Однажды Дьяконов велел повесить на шею Финкельштейна два больших мешка, наполненных песком и весивших около четырех пудов. Кроме того, он должен был держать над своей головой за штык в течение трех часов тяжелое ружье в совершенно вертикальном положении; при этом было объявлено, что если только он осмелится опустить руку вниз или станет на колени, тотчас же дать ему сто розог. Простоял Финкельштейн в таком положении не более часа, затем силы сразу оставили его, он задрожал, лицо покрылось смертельной бледностью, и несчастный рухнул на землю как подкошенный. Присутствовавшие при этом солдаты схватили Берко, чтобы дать заслуженные им сто розог, но сколько они ни бились над упавшим в обморок кантонистом для приведения его в чувство, тот не подавал почти никаких признаков жизни. О происшедшем доложили Дьяконову, а тем временем принялись пробовать над бесчувственным юношей самые энергичные и разнообразные средства: кололи лицо иголками, подносили к губам и глазам зажженные спички, насыпали в нос нюхательного табака и т.п., но ничего не помогало. Явившийся батальонный командир послал за фельдшером, который и привел Финкельштейна в чувство. Приказав снять с него мешки, батальонный командир обратился к ротному со следующими словами:
— Придется действительно оставить в покое этого закоренелого фанатика, так как по всему видно, что он и на самом деле скорее расстанется с жизнью, чем со своим излюбленным жидовством.
Несколько месяцев спустя Финкелыцтейн совершенно оправился и стал исполнять свои служебные обязанности. К концу года он уже считался первым кантонистом не только по части учения, но и по поведению.
— Ну и жид, — говаривало начальство, указывая на Финкельштейна и ставя его в пример кантонистам из христиан.
МАЛЬЧИК ИЗ ЖМУДИ.
Вот и другая быль — тяжкая, скорбная повесть бывшего кантониста, мученика свирепого Аракчеева.
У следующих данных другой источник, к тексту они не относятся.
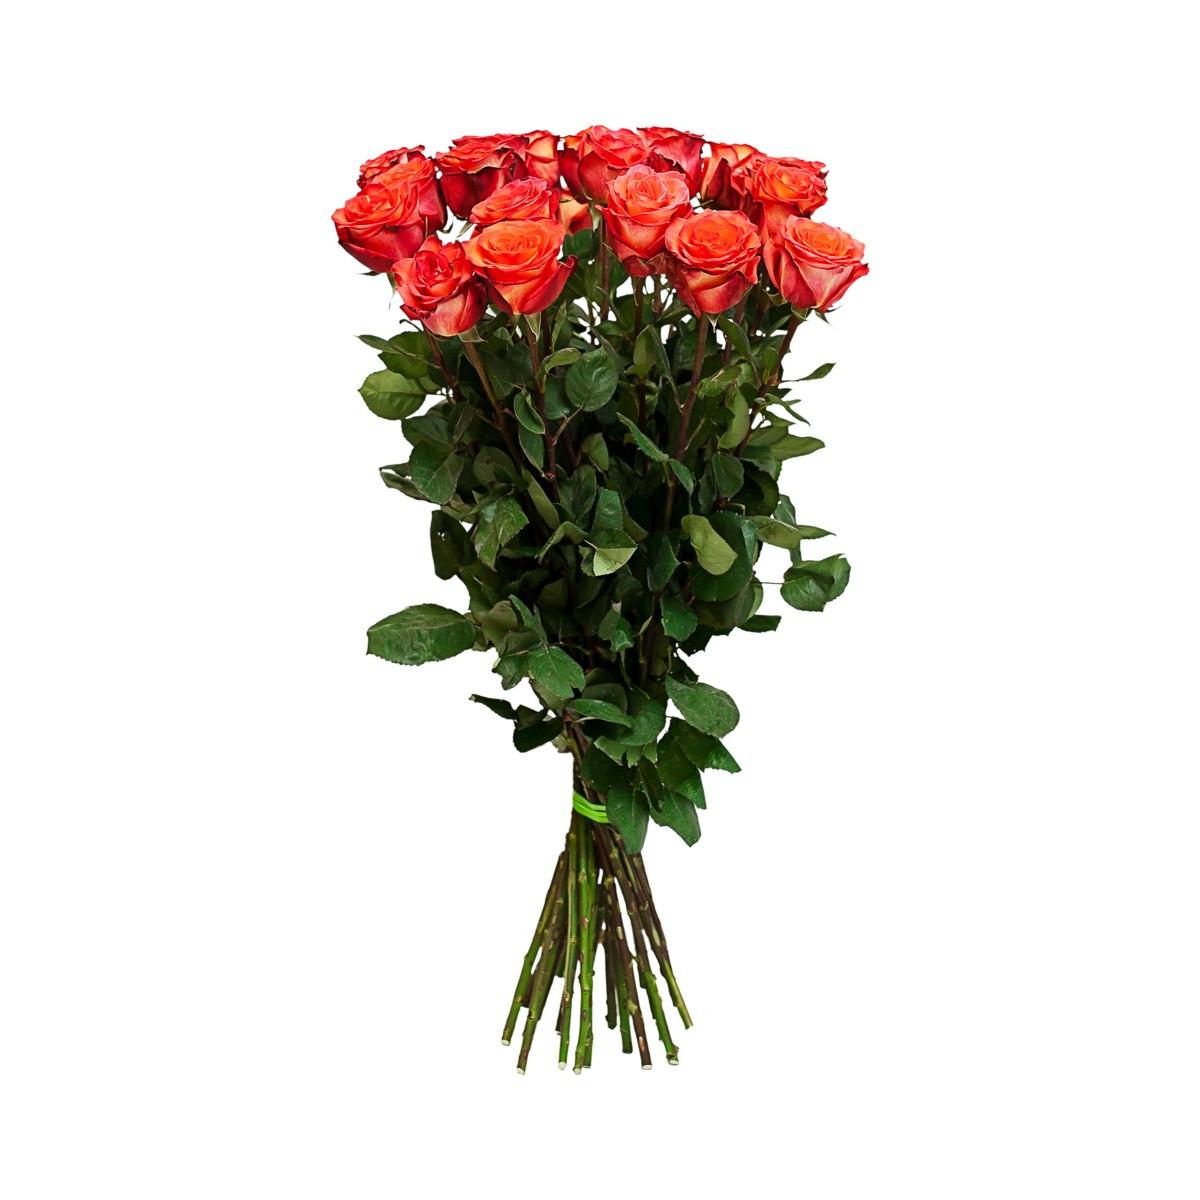 Букет от 11 до 15 оранжеви рози (ти избираш броя)

Этого мальчика, родом из литовского местечка Жмудь, единственного сына у матери-вдовы, взяли в возрасте 13 лет.
— Дорогое дитя, — говорил мне дед, столетний старец, плача, — как бы тебя ни мучили, оставайся евреем. Ты будешь много терпеть, но ты перенесешь страдания и будешь счастлив, очень счастлив... Помни это.
Мать не пережила горя, она буквально выплакала глаза, ослепла и скоро умерла. Недолго спустя умер и дедушка.
Меня одели в длинную рекрутскую шинель, нахлобучили на глаза рекрутскую шапку без козырька и погнали пешком с партией таких же как я в Новгородскую губернию, в имение Аракчеева Грузино, где был батальон кантонистов. Немного нас осталось в живых, когда мы прибыли на место назначения. Но то, что мы выстрадали в дороге, было в сущности пустяком в сравнении с тем, что предстояло впереди. А предстояло много лет несказанных мук.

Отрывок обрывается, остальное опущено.